Whether it is caused by the fact that I have six kids, have a daily amount of stress and chaos, am on artificial thyroid hormone after losing my thyroid to cancer, or am a natural blonde, I have a serious problem remembering things. Important things, like my kids’ names, my married name and anything I use on a daily basis can slip through my mind like water ……………
I read on an Internet forward that this disease, common primarily to women, has been duly dubbed the Noun Deficiency Disease.
One morning I was trying to tell my husband he needed to use a salve on a sore spot. Not recalling the name, I simply described it as “the stuff like Vaseline, but with medicine.”
With instant recognition, his eyes lit up. “Oh, do you mean Neosporin?” he laughed, waving his hands above his head like an excited game show winner. The game works with another adult. With children it is another matter.
While trying to find a missing item, I might not be able to remember the name of it, and what ensues is a combination of 20 Questions and Charades with my children.
“Has anybody seen that long, skinny yellow thing of mine? It was right there on there on the counter.”
If I don’t get any response, I add more detail.
“You know, it is poky on one end to write and squishy on the other end to erase.”
Even though it never seems to help, I repeat things with more animation, velocity and volume hoping to improve my chances of assistance.
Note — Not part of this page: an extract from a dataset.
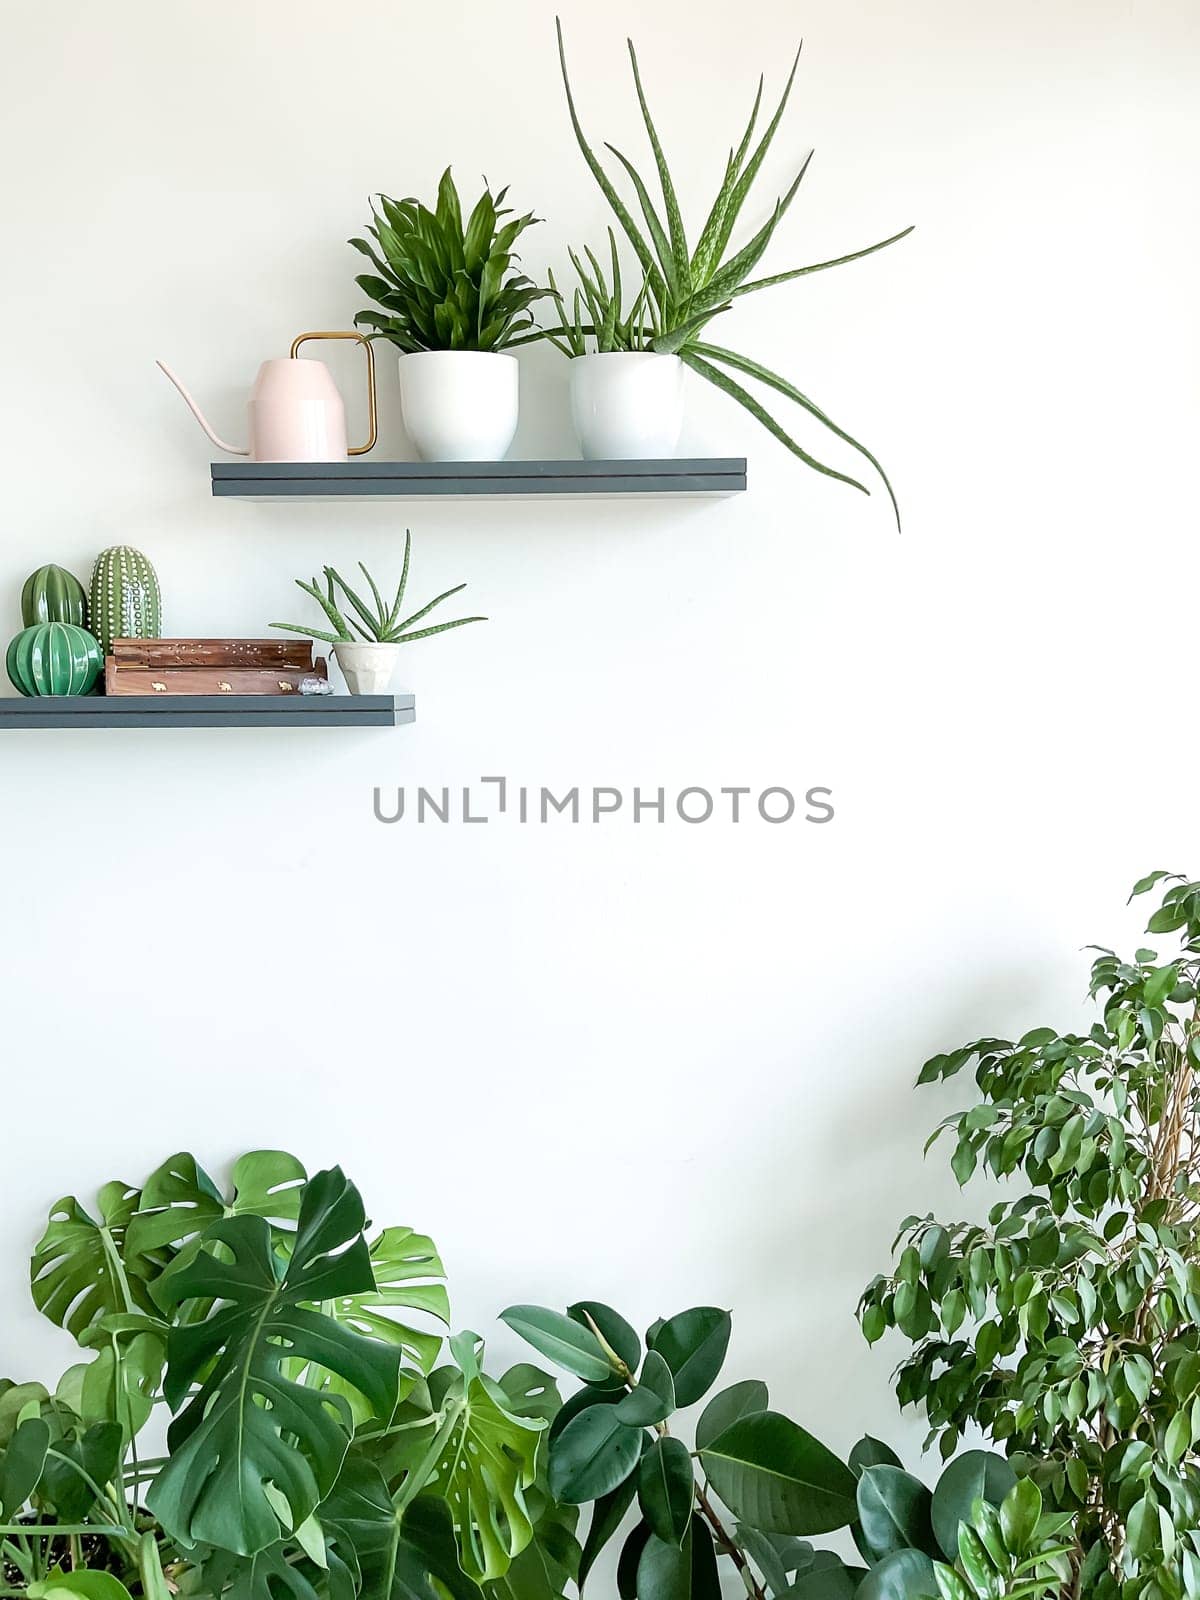 Monstera deliciosa, zamioculcas and ficus on white background. Shelves on the wall with plants, watering can and incense. Stylish and minimalistic urban jungle interior. Empty white wall, copy space
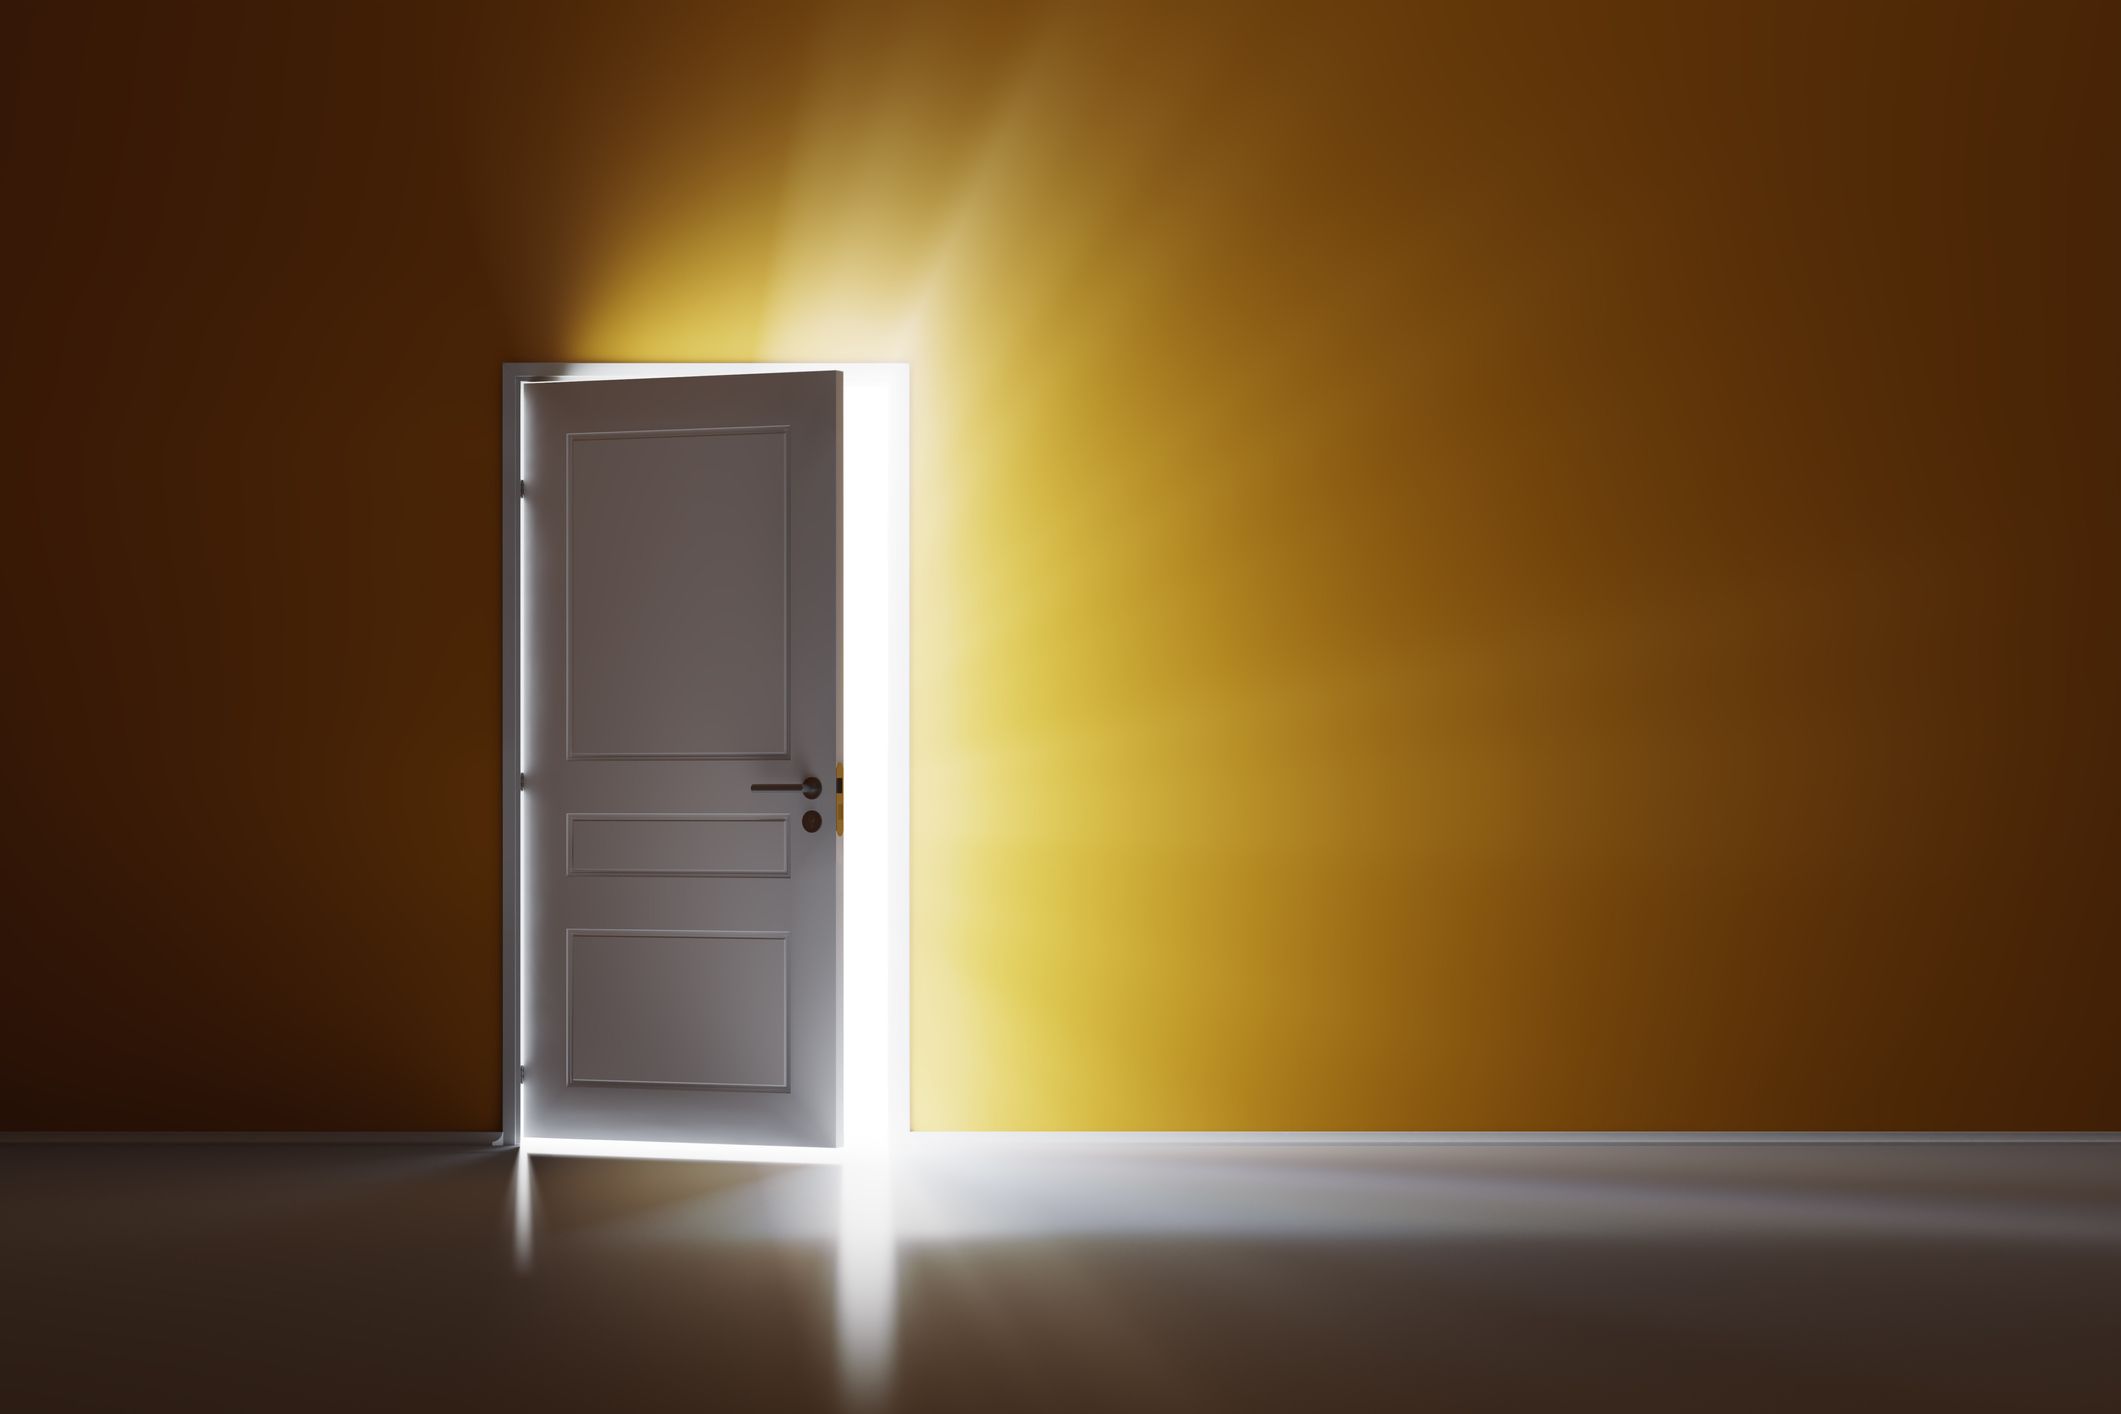 A door cracked open with light streaming through; Getty Images

Ya’ know, same song, second verse, a little bit louder, a little bit worse?
“I know you have all seen it, it was right there. That yellow long yellow thing, who touched it?”
After the next 16 questions, interspersed with wild pointing and apt descriptions, someone will finally come up with the name of it. They offer the name in a voice tinged with pride and disdain, surprised that this woman, who ages daily before their very eyes, cannot remember the name of something as simple as a pencil. But, even though they know the NAME, nobody can ever remember which one of them touched it and where it might be.
However, despite the fact that they are all secretly convinced that they are far superior to their mother, they are the ones who absolutely cannot function in life unless the proper name is given to the item. I, at least, can function with a definition. No matter their supposed IQ level, they simply cannot grasp the concept of finding “my cutty things, you know those things for cutting fabric’ or “that plastic box we keep in the garage that keeps warm things warm and cold things cold” without having the absolute word given in Webster’s dictionary, even though I supplied a generous definition.
What further complicates matters is the fact that the contestants refuse to play the game just because they aren’t called by the correct name. If they were supposed to be called by a certain name, it would have been tatooed on their foreheads at birth. I figure if they are anywhere near me, they are obligated to be contestants in this Proper Noun Restoration Project. They have the audacity to be offended just because I try out three or four names, including those of their siblings, my siblings and past pets, until I hit on the right one.
I know that I could ask for my “thing that I ride with two wheels, and a seat, and you pedal it” and they all would be stumped. Only the 6 year old, if she is listening, might be able to shout out, “I know – it’s a bike!”
Then, and only then, can the next phase of the game show begin. The first phase is only to remember the name for Mom. The winners are then unwillingly shuffled into the next phases of discovering the actual intent of the charades in the first place….
” Who Touched It?” ….then,
” Why?”
….and
“WHERE IS IT NOW?”
My PENCIL! Where is my PENCIL?!?!?!?!?